* Requirement
Print the data exactly. Omit the pictures.

** Recorded information follows **

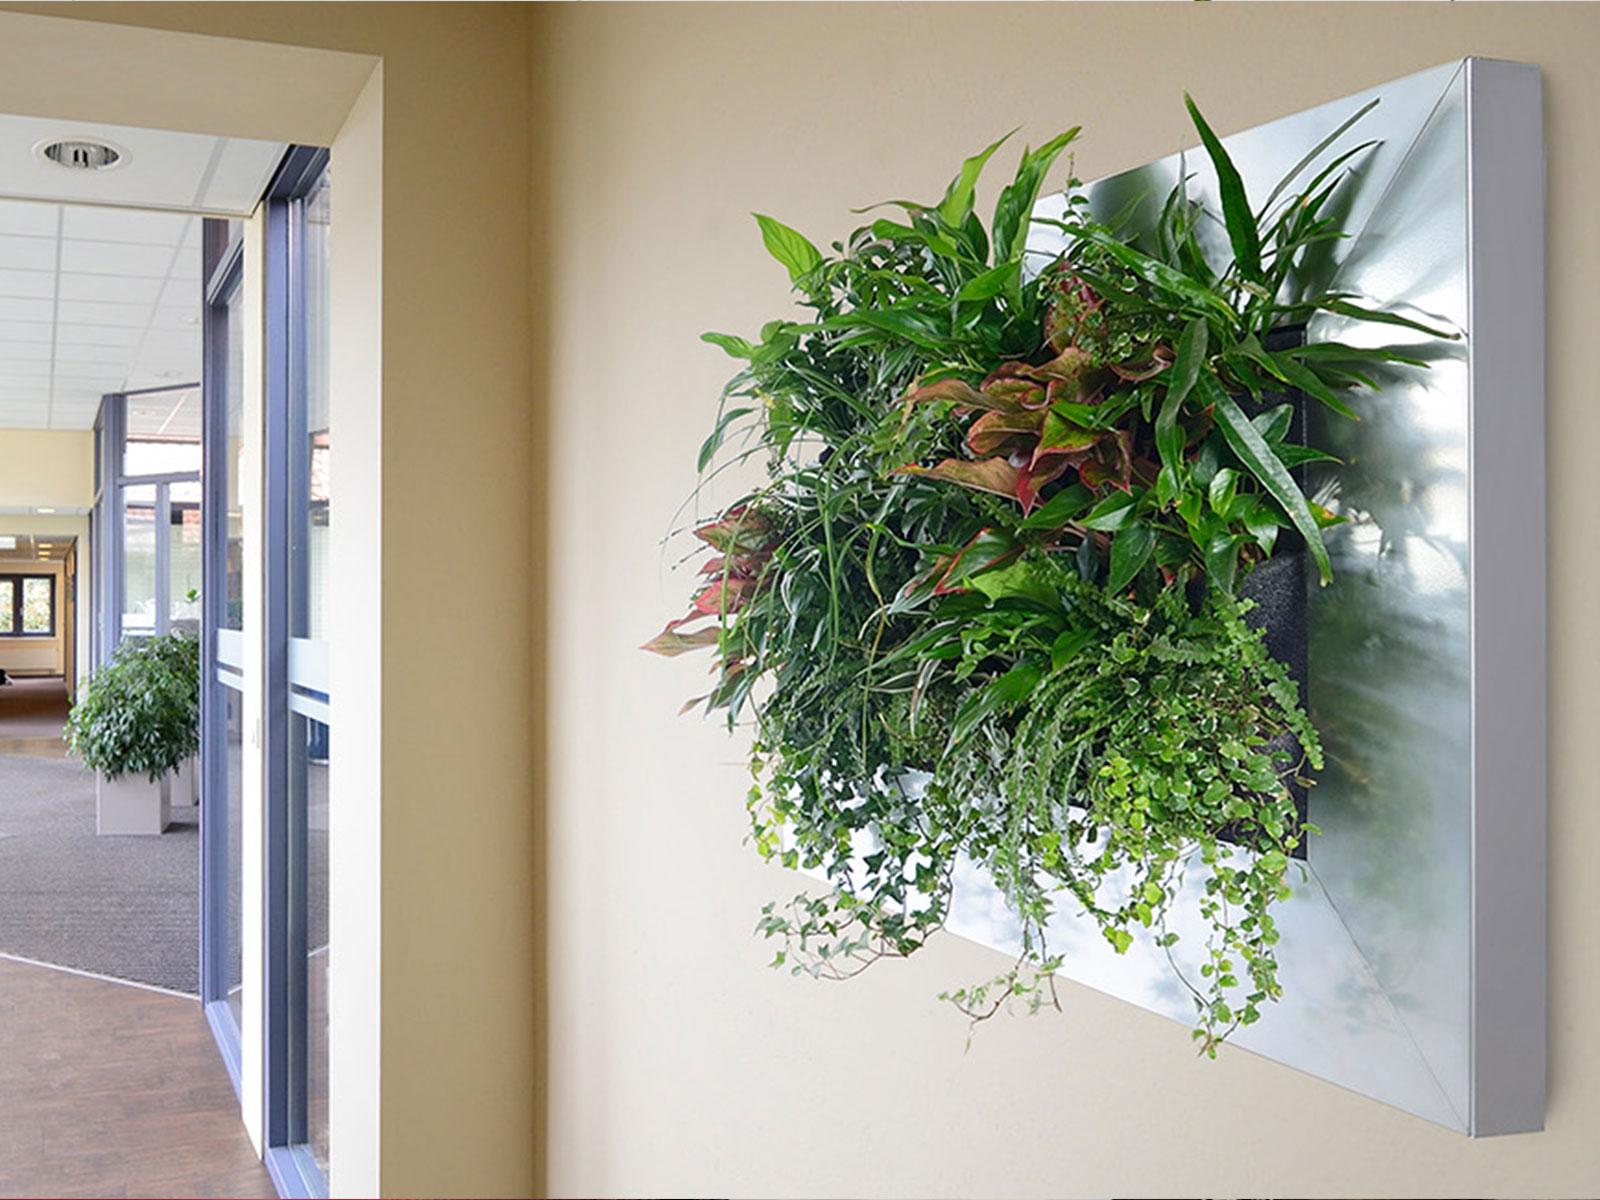 wandgarten selber bauen wunderbar b robegr nung sichtschutz b ropflanzen wandgarten zuhause. Black Bedroom Furniture Sets. Home Design Ideas
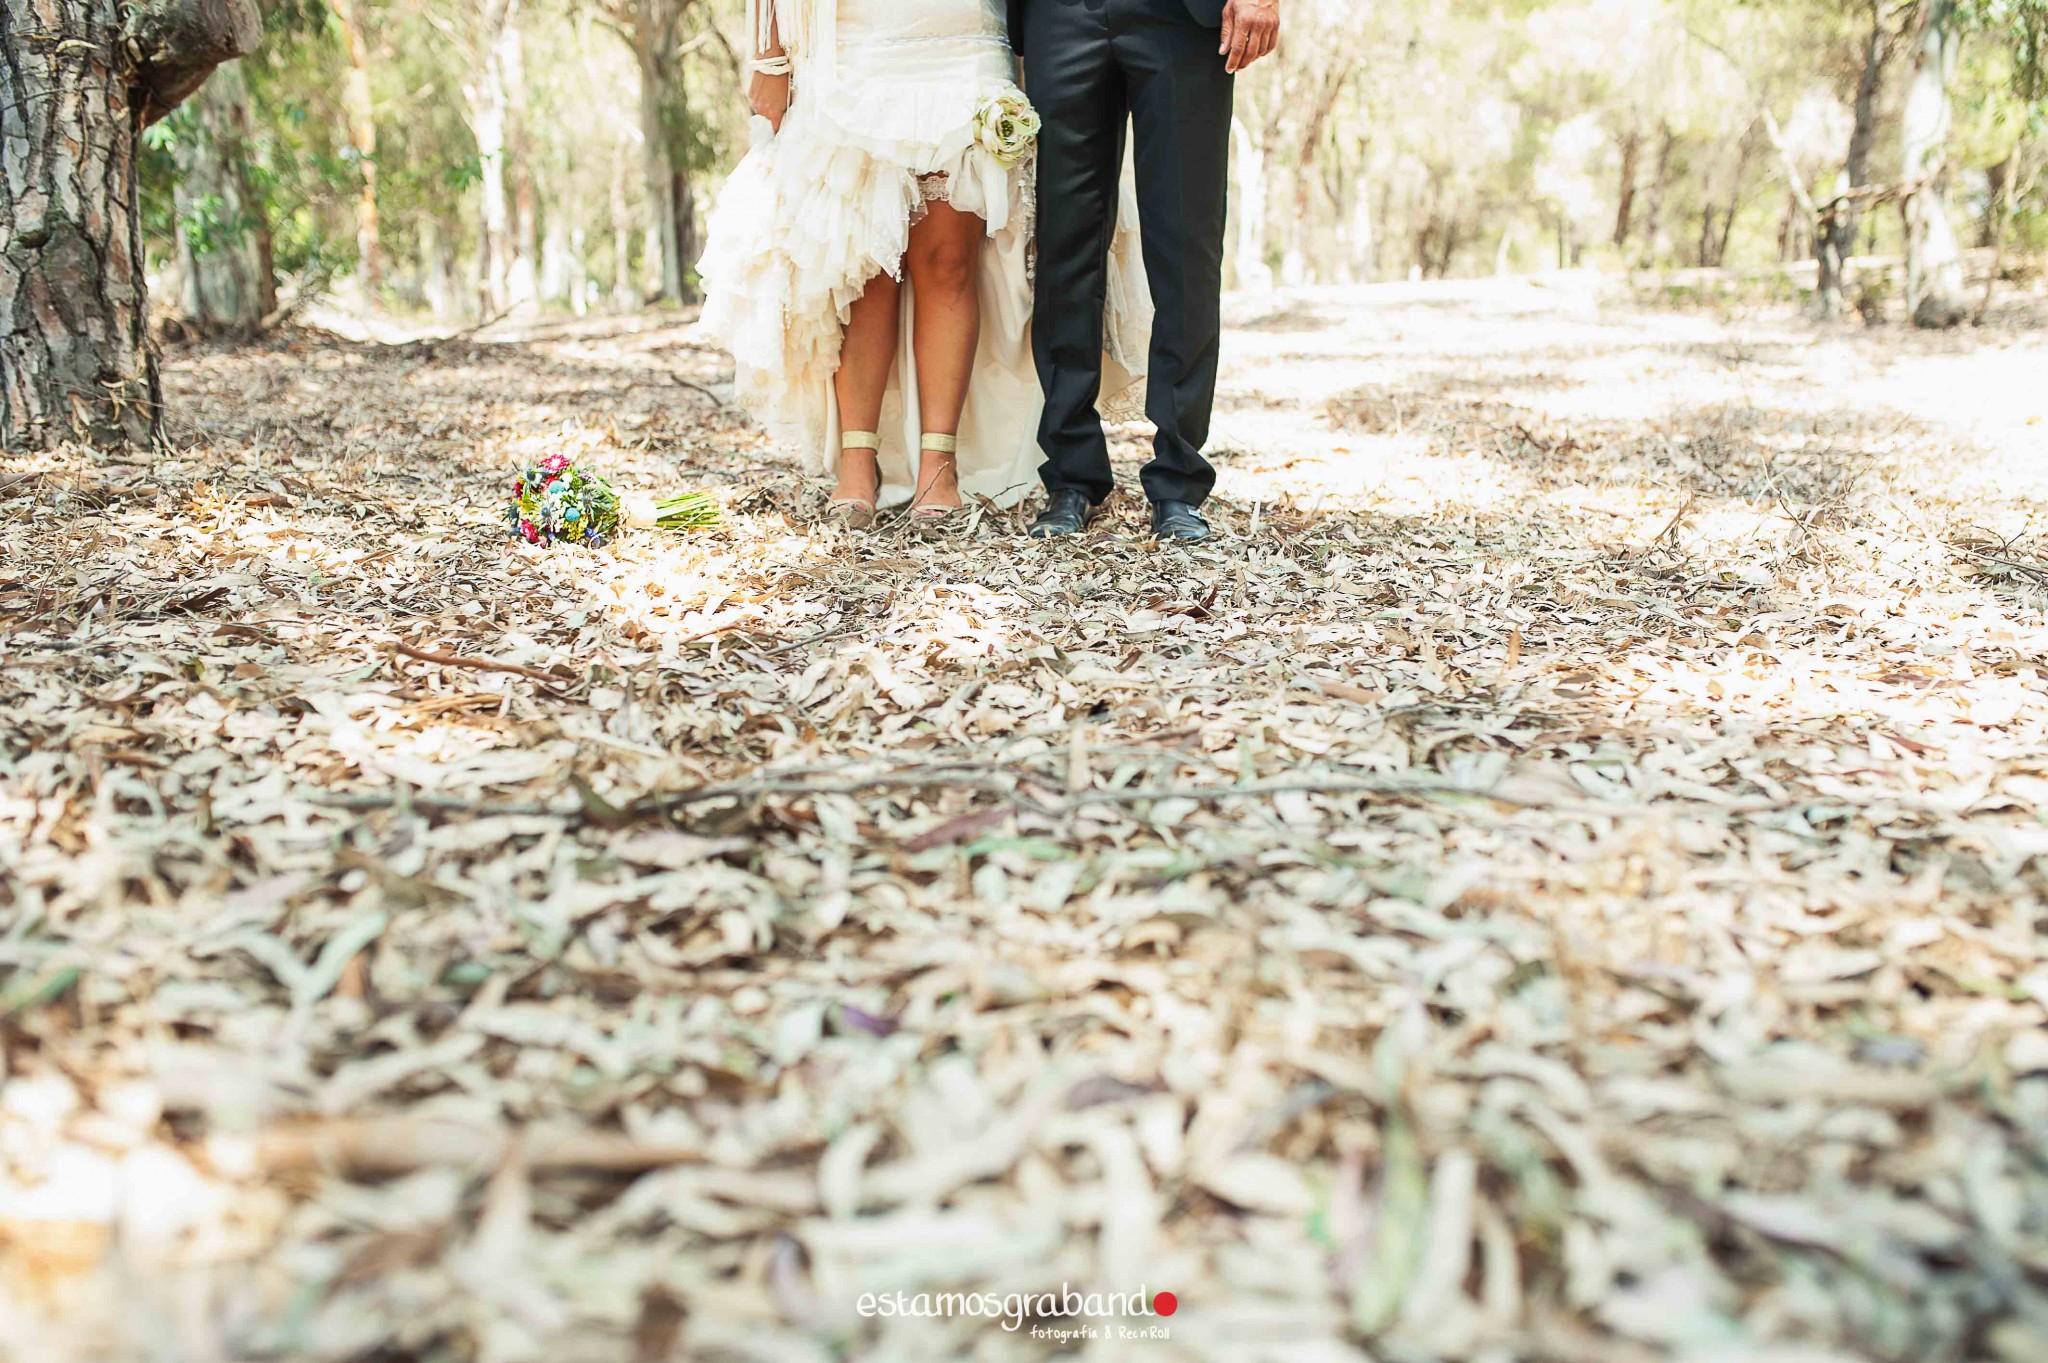 pili-y-jose_fotograficc81a-cadiz-71 Pili & Jose - video boda cadiz
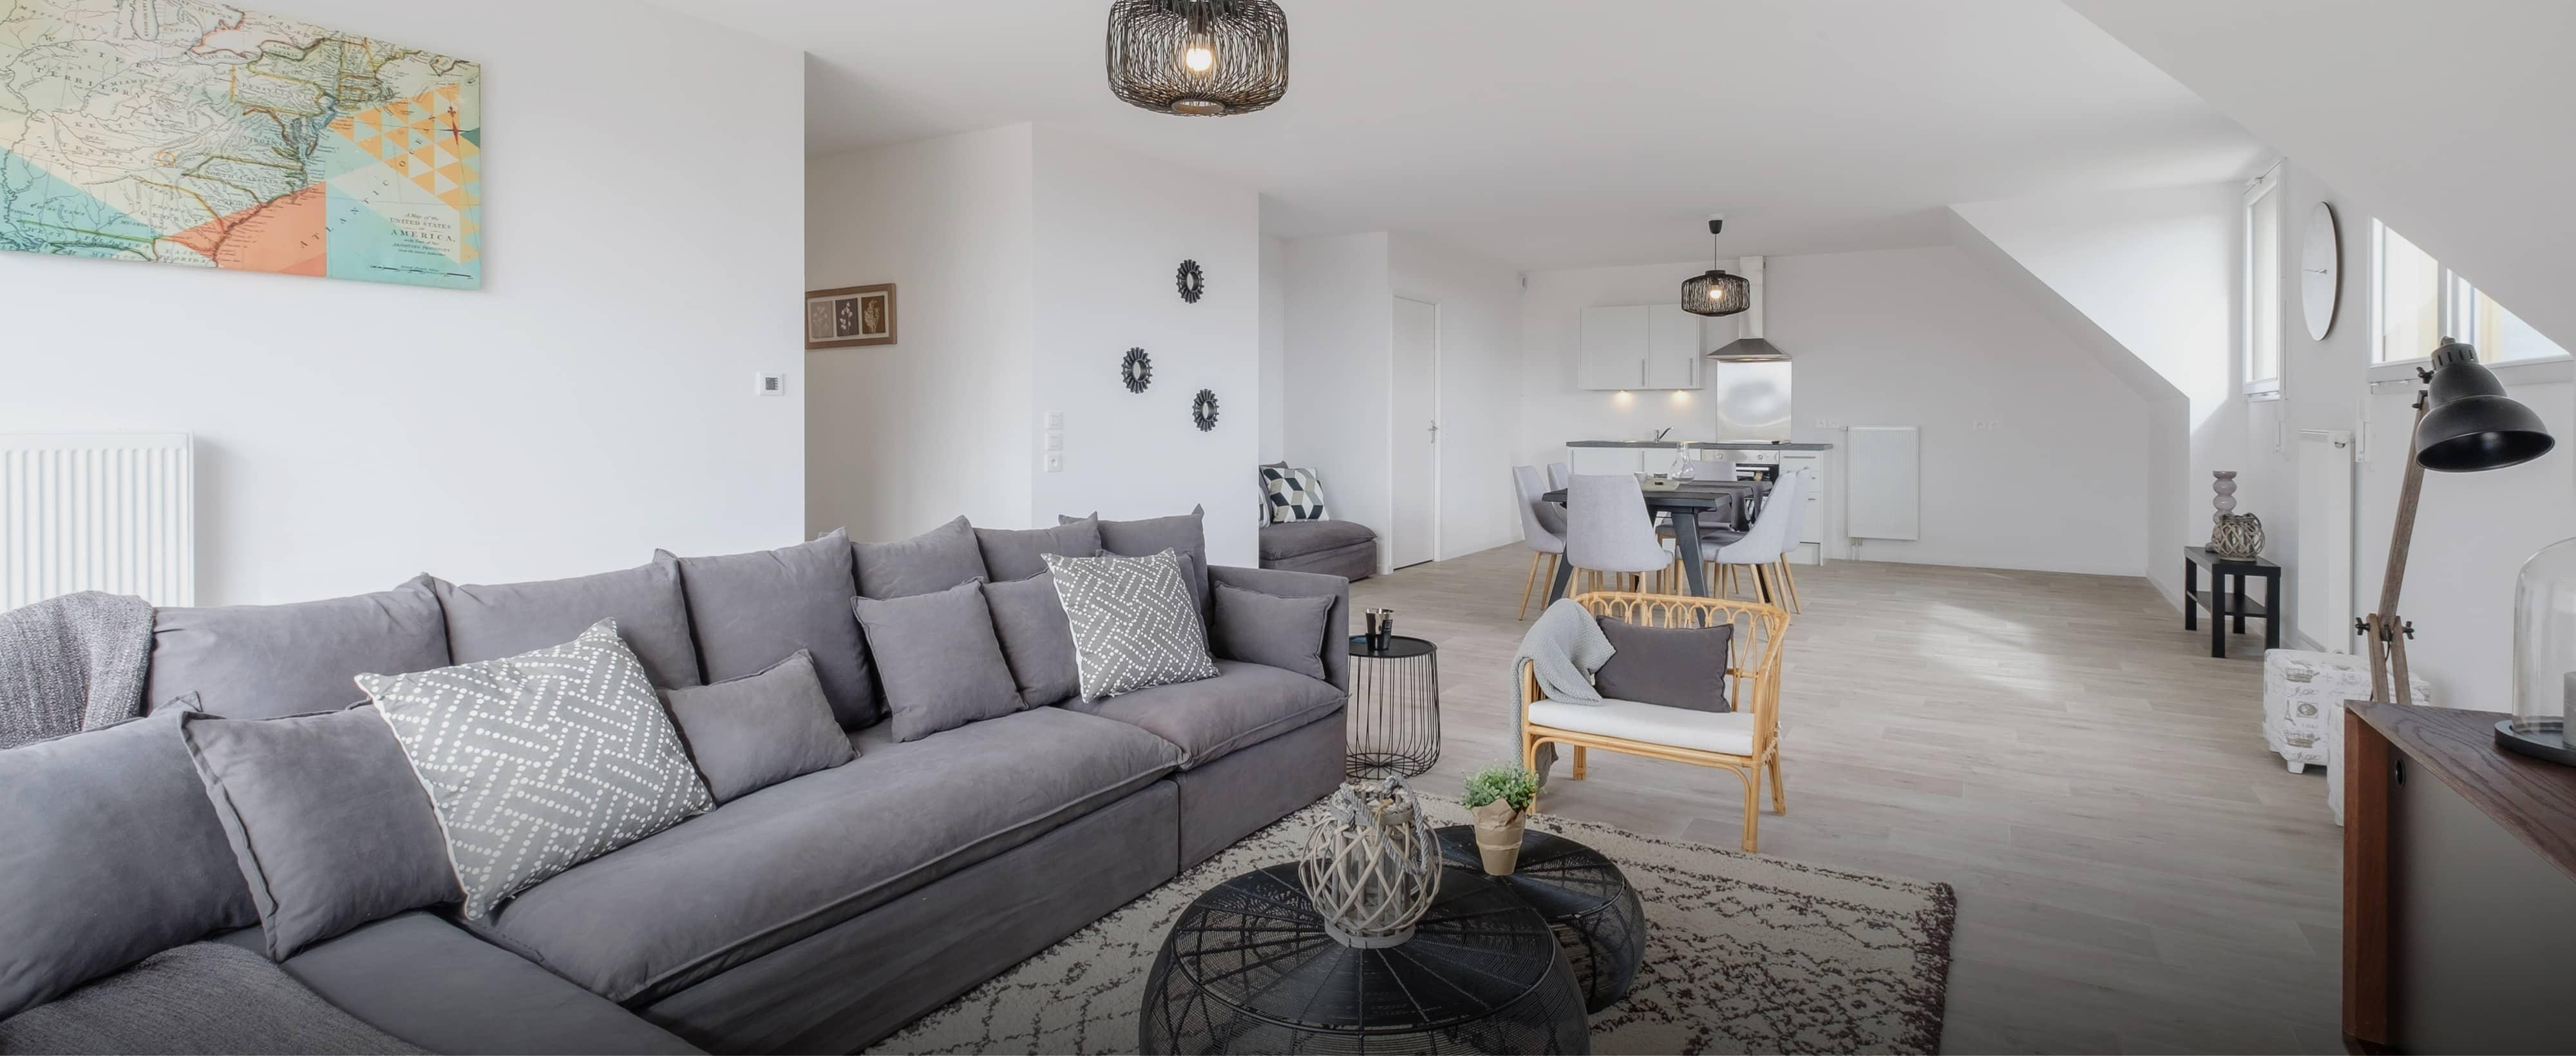 Quai 17 achat logement neuf valenciennes sigla neuf for Avantage achat appartement neuf

** End of Recorded information **

* Response to the exercise
 wandgarten selber bauen wunderbar b robegr nung sichtschutz b ropflanzen wandgarten zuhause. Black Bedroom Furniture Sets. Home Design Ideas
 pili-y-jose_fotograficc81a-cadiz-71 Pili & Jose - video boda cadiz
 Quai 17 achat logement neuf valenciennes sigla neuf for Avantage achat appartement neuf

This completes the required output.